# Work item:
Exact reproduction of all the data is required, with pictures excluded.

# Dataset content:

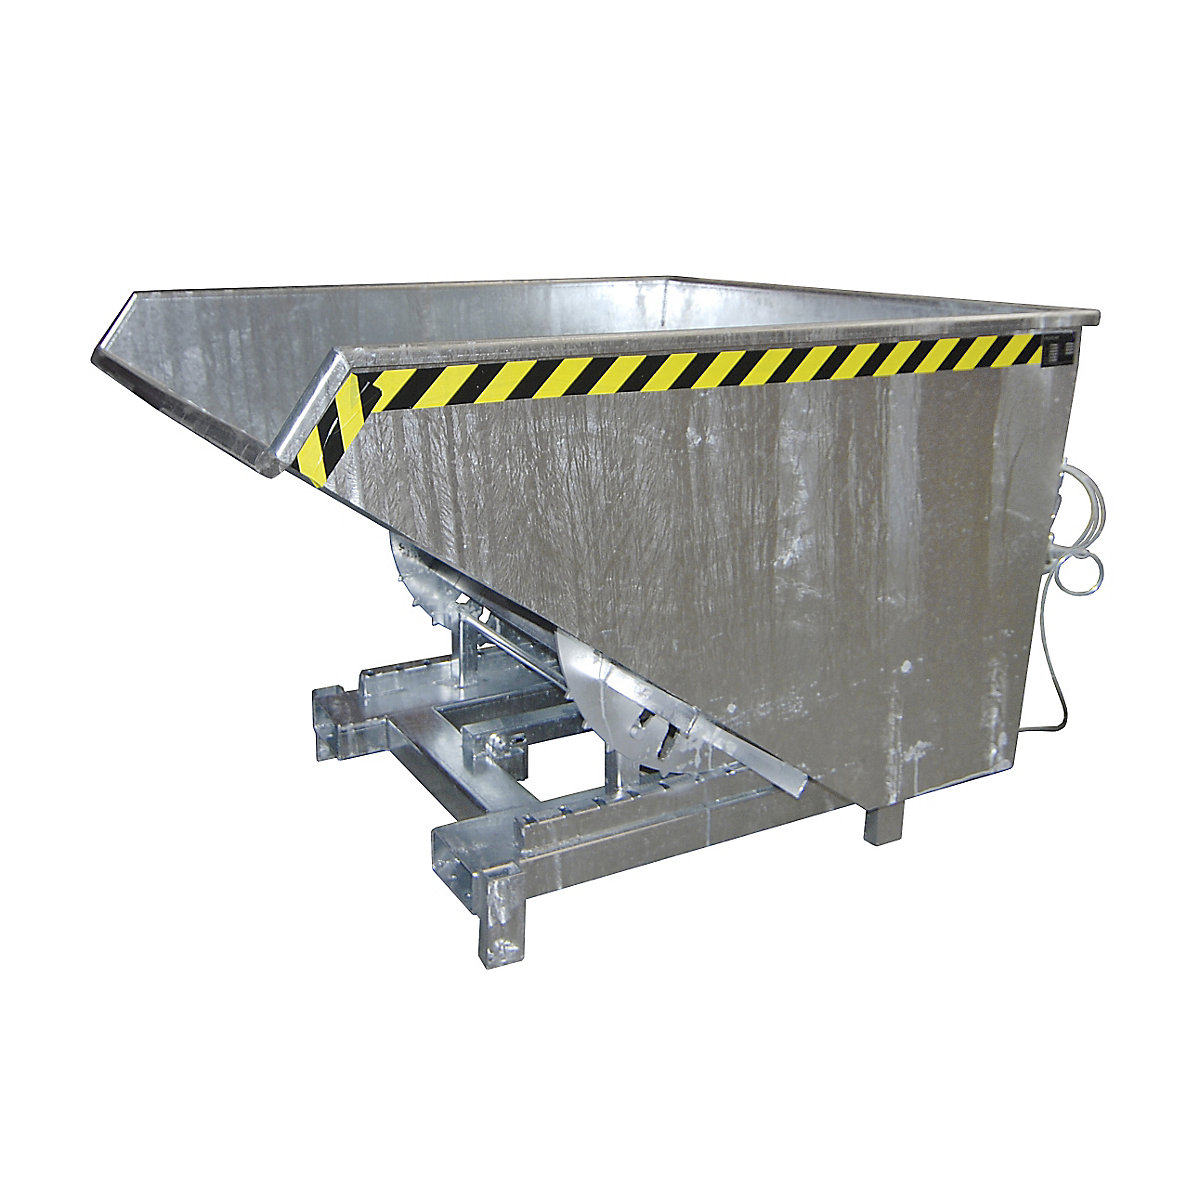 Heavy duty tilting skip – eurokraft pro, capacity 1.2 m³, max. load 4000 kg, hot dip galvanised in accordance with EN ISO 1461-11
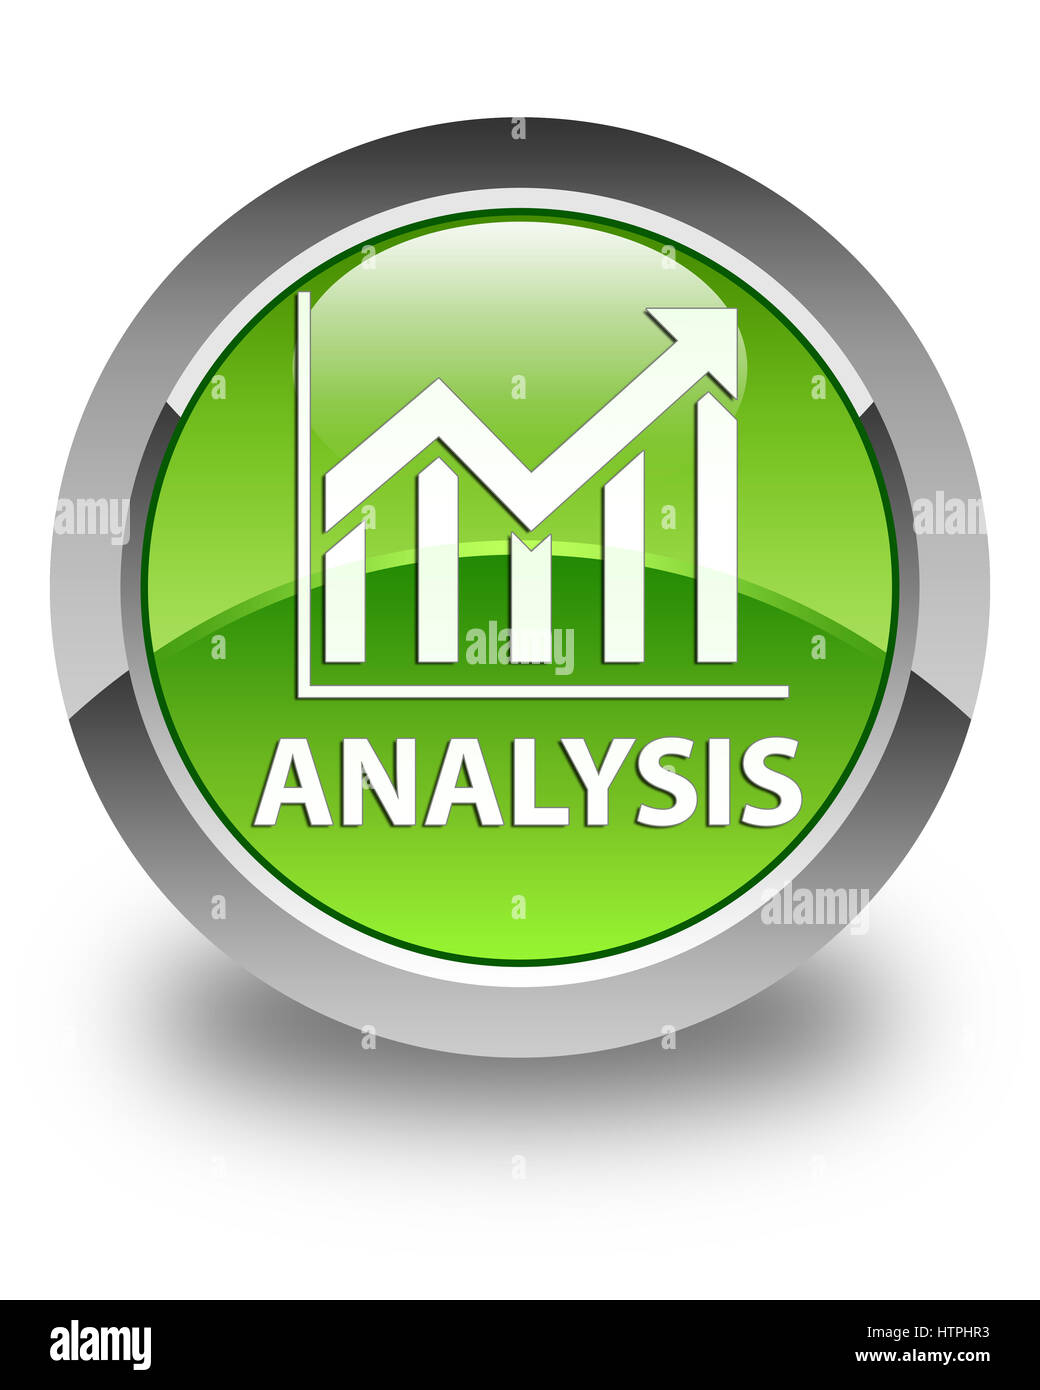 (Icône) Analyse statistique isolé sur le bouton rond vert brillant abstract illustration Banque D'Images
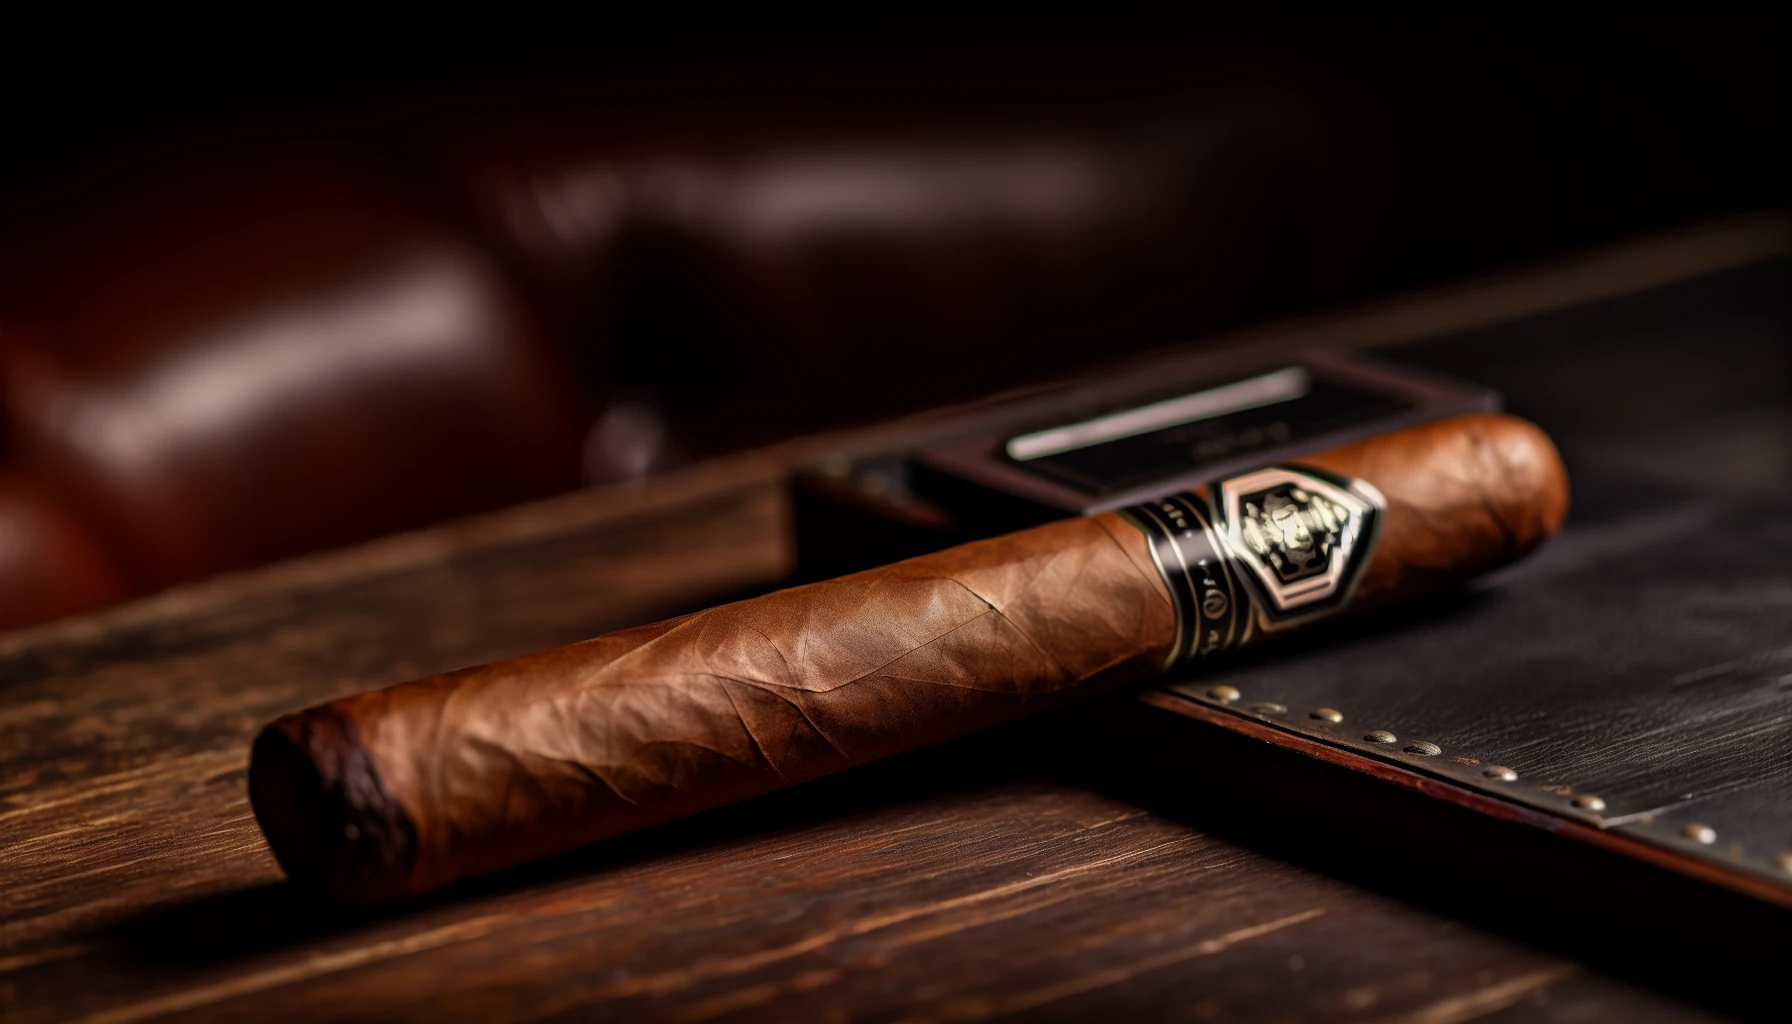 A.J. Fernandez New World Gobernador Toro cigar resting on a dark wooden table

# Output of the exercise:
 Heavy duty tilting skip – eurokraft pro, capacity 1.2 m³, max. load 4000 kg, hot dip galvanised in accordance with EN ISO 1461-11
 (Icône) Analyse statistique isolé sur le bouton rond vert brillant abstract illustration Banque D'Images
 A.J. Fernandez New World Gobernador Toro cigar resting on a dark wooden table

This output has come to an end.